How/why is the relative degree of a transfer function related to the causality of the system it represents?

Question

A transfer function can be classified as strictly proper, proper or improper depending on its relative degree, i.e. the difference between the degree of the polynomial in the denominator and the degree of the polynomial in the numerator. If a transfer is improper, it is said that the system it represents isn't causal. What exactly does this mean?

There are a few arguments I can think of, but none of them seem to make complete sense:

Argument 1) An improper transfer function involves differentiation of the input, which would imply knowledge of the future.

Problem I see: Any transfer function with a zero involves differentiation of the input, no matter how many poles it has. If differentiation of the input is the issue, any system with a zero would be termed non-causal.

Argument 2) The issue is having the output directly reflect a derivative of the input, which would imply knowledge of the future.

Problem I see: In this case, any transfer function with more than a pole would be classified as causal, since, no matter how many input derivatives are involved, a derivative term in the output would always "delay" the information coming from the input reaching the output. For example, given the system:

$$\dot{y}+y=\ddot{u}+\dot{u}+u$$

I can freely fix $y$ at a point in time. The instantaneous derivatives of $u$ would only directly affect $\dot{y}$. Another problem with this argument is that it sounds somewhat arbitrary. Isn't knowledge of the future reflected in a derivative of the output still knowledge of the future, as pointed out in the first argument?

Argument 3) These conventions were made so that state-feedback control would make sense.

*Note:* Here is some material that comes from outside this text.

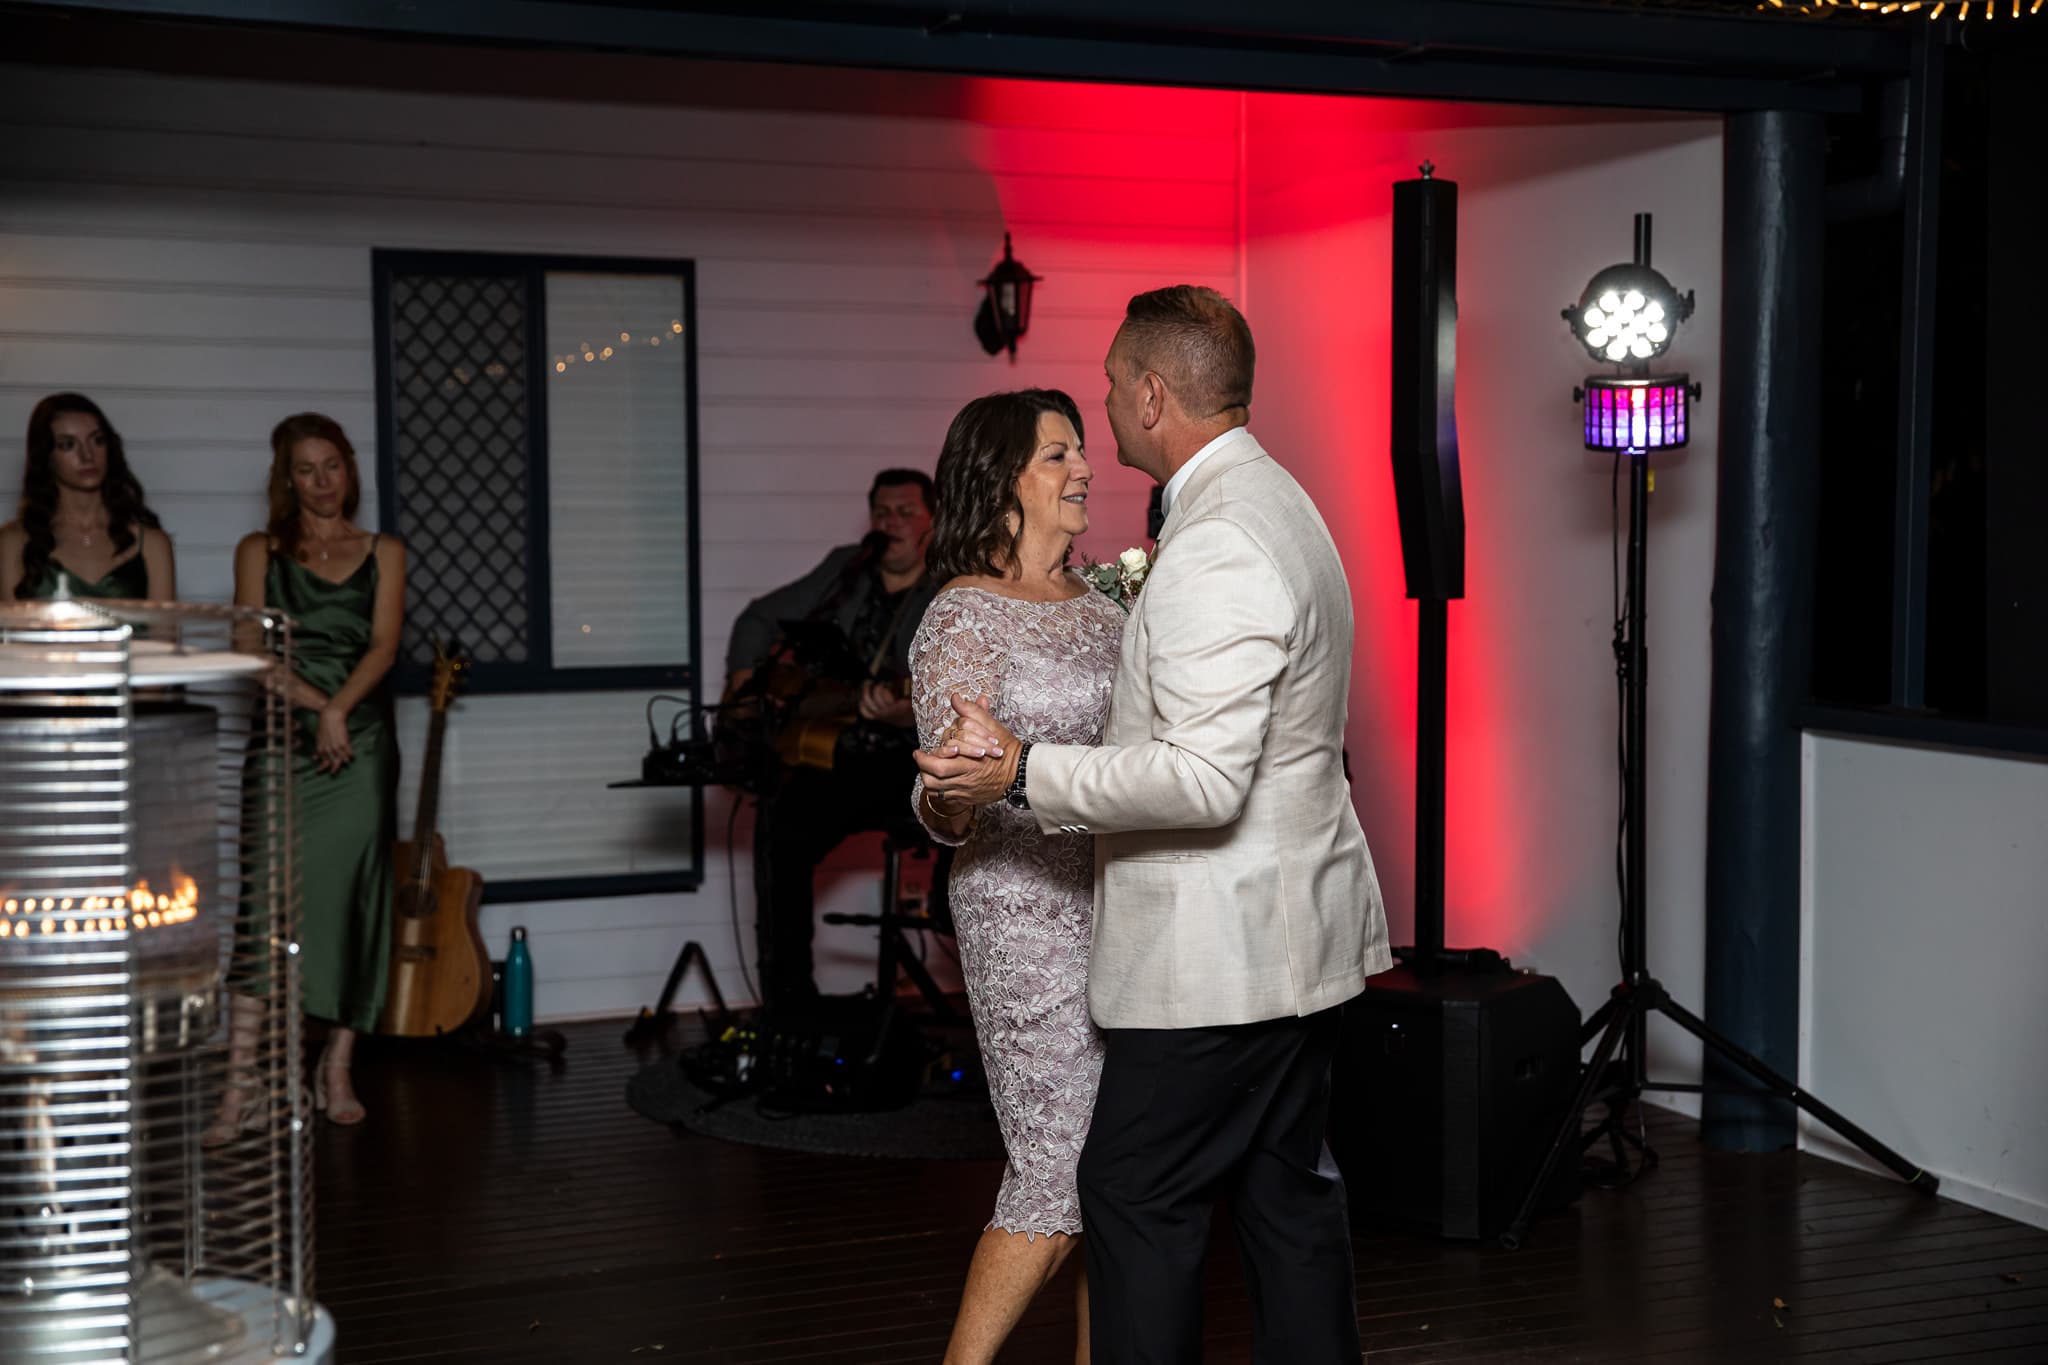 Wedding couple dancing at the reception photos at The Secret Garden Estate, Tamborine Mountain.

Problem I see: It doesn't seem to really address the causality aspect of the transfer function itself, but rather of the closed-loop system when feedback is used, which also seems like an arbitrary definition, since it is specific to a particular form of control.

Can anyone point me in the right direction, please?

Answer 1

Any transfer function with a zero involves differentiation of the input

Let $$H(s) = \frac{Y(s)}{U(s)} = \frac{b_1 s + b_0}{s^2 + a_1 s + a_0} \tag 1$$.

You could express this as a differential equation:

$$\ddot y + a_1 \dot y + y = b_1 \dot x + b_0 x \tag 2$$

But you don't have to. You can express it as an integral equation, with no derivatives:

$$\begin{align} \begin{bmatrix}x_1 \\ x_2\end{bmatrix} &= \int {\begin{bmatrix}0 & 1 \\ -a_0 & -a_1\end{bmatrix}\begin{bmatrix}x_1 \\ x_2\end{bmatrix} dt} + \begin{bmatrix}0 \\ 1\end{bmatrix}u(t) \\ y(t) &= \begin{bmatrix}b_0 & b_1\end{bmatrix}\begin{bmatrix}x_1 \\ x_2\end{bmatrix} \end{align}. \tag 3$$

So by (3), (1) has a zero, but doesn't involve differentiation of the input -- so your assertion is disproved.

If (1) had a $b_2 s^2$ term, then in (3), $y(t)$ would be a function of $x(t)$ and $u(t)$, which is considered non-causal* because of that direct dependence.

If (1) had a $b_3 s^3$ term, then in (3), $y(t)$ be a function of $x(t)$, $u(t)$, and $\dot u(t)$. So there is no way you can represent the transfer function without using a derivative -- and since the derivative operation is non-causal in anyone's book, this would make the system non-causal.

* Personally, I think it's teetering on the edge of causality -- meta-causal? But the community wants it to be called non-causal, and the community has mathematicians who are way better than me, so I'll roll with that.